This is the key block in the transformer architecture. We’ve already seen what an attention block is. Remember that the output of an attention block was determined by the user and it was the length of v’s. What a multi-attention head is basically you run several attention heads in parallel (they all take the same inputs). Then we take all their outputs and simply concatenate them. It looks something like this: 

Multi-head attention. Image by author 

Keep in mind the arrows going from v1 -> v1h1 are linear layers — there’s a matrix on each arrow that transforms. I just did not show them to avoid clutter. 

What is going on here is that we are generating the same key, query and values for each of the heads. But then we are basically applying a linear transformation on top of that (separately to each k,q,v and separately for each head) before we use those k,q,v values. This extra layer did not exist in self attention. 

A side note is that to me, this is a slightly surprising way of creating a multi-headed attention. For example, why not create separate Wk,Wq,Wv matrices for each of the heads rather than adding a new layer and sharing these weights. Let me know if you know — I really have no idea. 

Positional encoding and embedding 

We briefly talked about the motivation for using positional encoding in the self-attention section. What are these? While the picture shows positional encoding, using a positional embedding is more common than using an encoding. As such we talk about a common positional embedding here but the appendix also covers positional encoding used in the original paper. A positional embedding is no different than any other embedding except that instead of embedding the word vocabulary we will embed numbers 1, 2, 3 etc. So this embedding is a matrix of the same length as word embedding, and each column corresponds to a number. That’s really all there is to it. 

The GPT architecture 

Let’s talk about the GPT architecture. This is what is used in most GPT models (with variation across). If you have been following the article thus far, this should be fairly trivial to understand. Using the box notation, this is what the architecture looks like at high level: 

The GPT Architecture. Image by author 

At this point, other than the “GPT Transformer Block” all the other blocks have been discussed in great detail. The + sign here simply means that the two vectors are added together (which means the two embeddings must be the same size). Let’s look at this GPT Transformer Block: 

And that’s pretty much it. It is called “transformer” here because it is derived from and is a type of transformer — which is an architecture we will look at in the next section.
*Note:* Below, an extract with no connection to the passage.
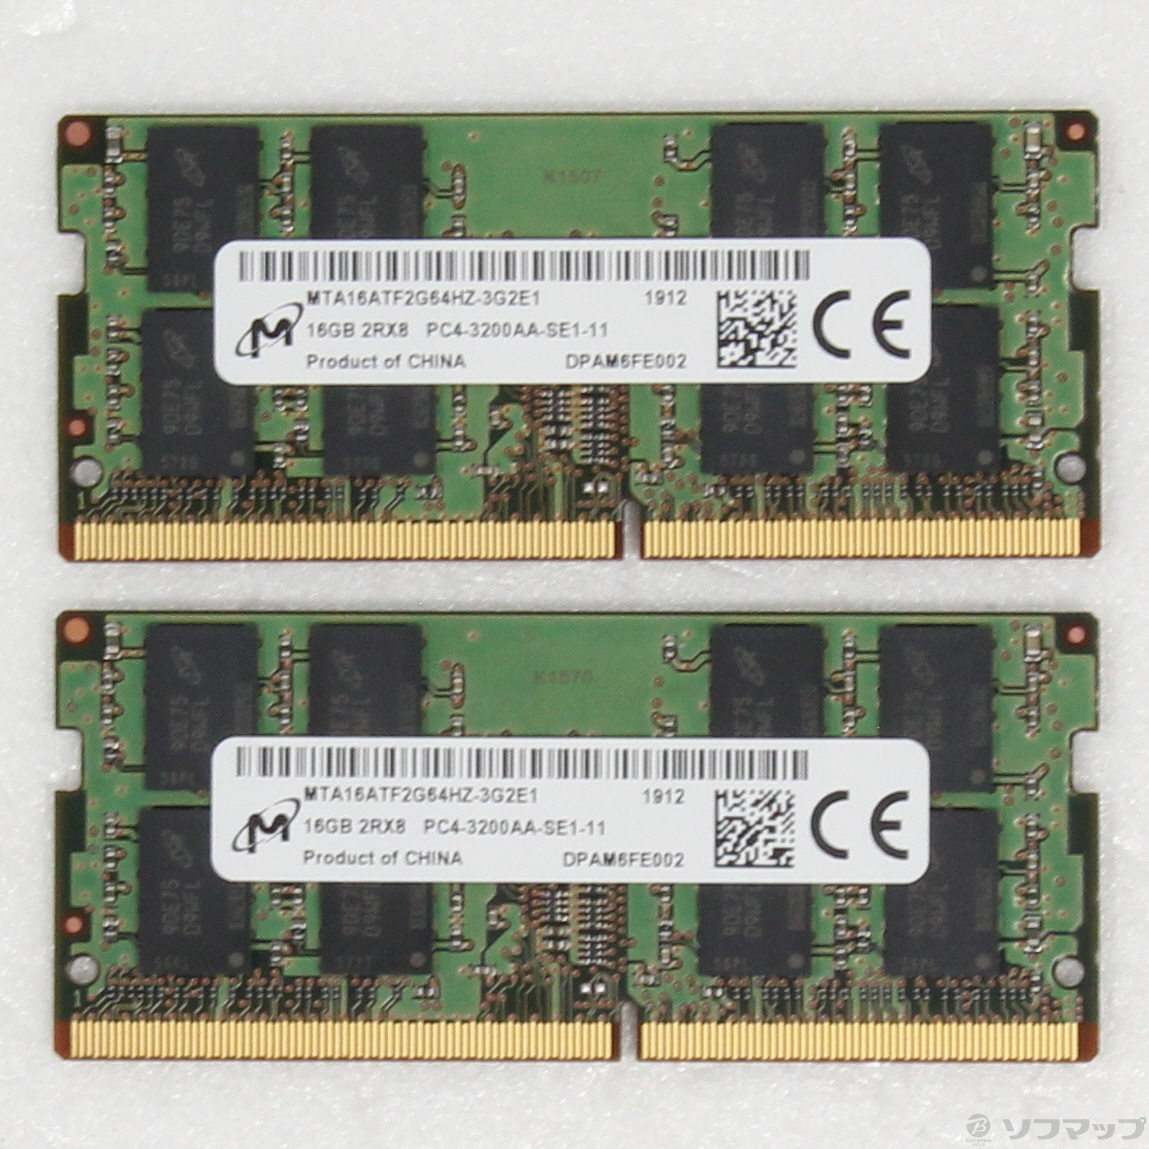 専用。SKhynix PC4-2400T 16GBメモリー2枚 (計32GB)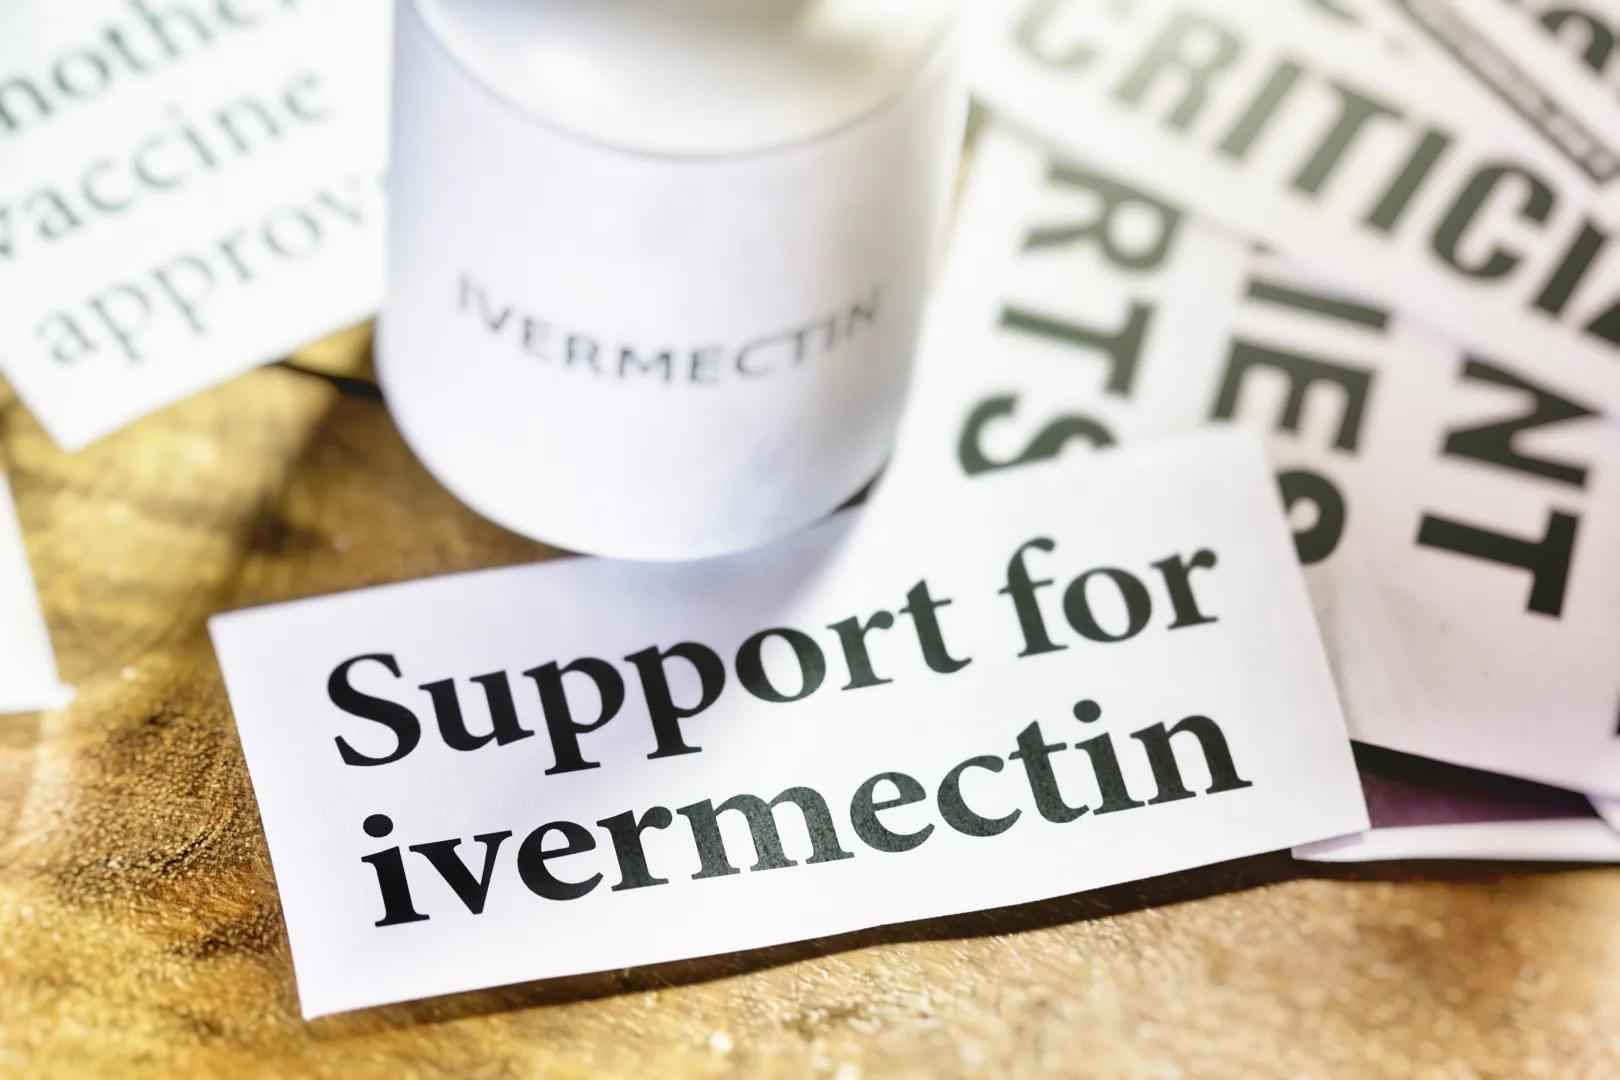 Os principais aliados da mídia abandonam o FDA em meio a uma ação judicial por causa da ivermectina

This doesn’t affect understanding as we’ve already covered all the building blocks shown here before. Let’s recap everything we’ve covered so far building up to this GPT architecture: 

  • We saw how neural nets take numbers and output other numbers and have weights as parameters which can be trained 
  • We can attach interpretations to these input/output numbers and give real world meaning to a neural network 
  • We can chain neural networks to create bigger ones, and we can call each one a “block” and denote it with a box to make diagrams easier. Each block still does the same thing, take in a bunch of numbers and output other bunch of numbers 
  • We learned a lot of different types of blocks that serve different purposes 
  • GPT is just a special arrangement of these blocks that is shown above with an interpretation that we discussed in Part 1 

Modifications have been made over time to this as companies have built up to powerful modern LLMs, but the basic remains the same. 

Now, this GPT transformer is actually what is called a “decoder” in the original transformer paper that introduced the transformer architecture. Let’s take a look at that. 

The transformer architecture 

This is one of the key innovations driving rapid acceleration in the capabilities of language models recently. Transformers not only improved the prediction accuracy, they are also easier/more efficient than previous models (to train), allowing for larger model sizes. This is what the GPT architecture above is based on. 

If you look at GPT architecture, you can see that it is great for generating the next word in the sequence. It fundamentally follows the same logic we discussed in Part 1. Start with a few words and then continue generating one at a time. But, what if you wanted to do translation. What if you had a sentence in german (e.g. “Wo wohnst du?” = “Where do you live?”) and you wanted to translate it to english. How would we train the model to do this? 

Well, first thing we would need to do is figure out a way to input german words. Which means we have to expand our embedding to include both german and english. Now, I guess here is a simply way of inputting the information. Why don’t we just concatenate the german sentence at the beginning of whatever so far generated english is and feed it to the context. To make it easier for the model, we can add a separator. This would look something like this at each step: 

Image by author 

This will work, but it has room for improvement: 

  • If the context length is fixed, sometimes the original sentence is lost 
  • The model has a lot to learn here. Two languages simultaneously, but also to know that <SEP> is the separator token where it needs to start translating 
  • You are processing the entire german sentence, with different offsets, for each word generation. This means there will be different internal representations of the same thing and the model should be able to work through it all for translation 

Transformer was originally created for this task and consists of an “encoder” and a “decoder” — which are basically two separate blocks. One block simply takes the german sentence and gives out an intermediate representation (again, bunch of numbers, basically) — this is called the encoder. 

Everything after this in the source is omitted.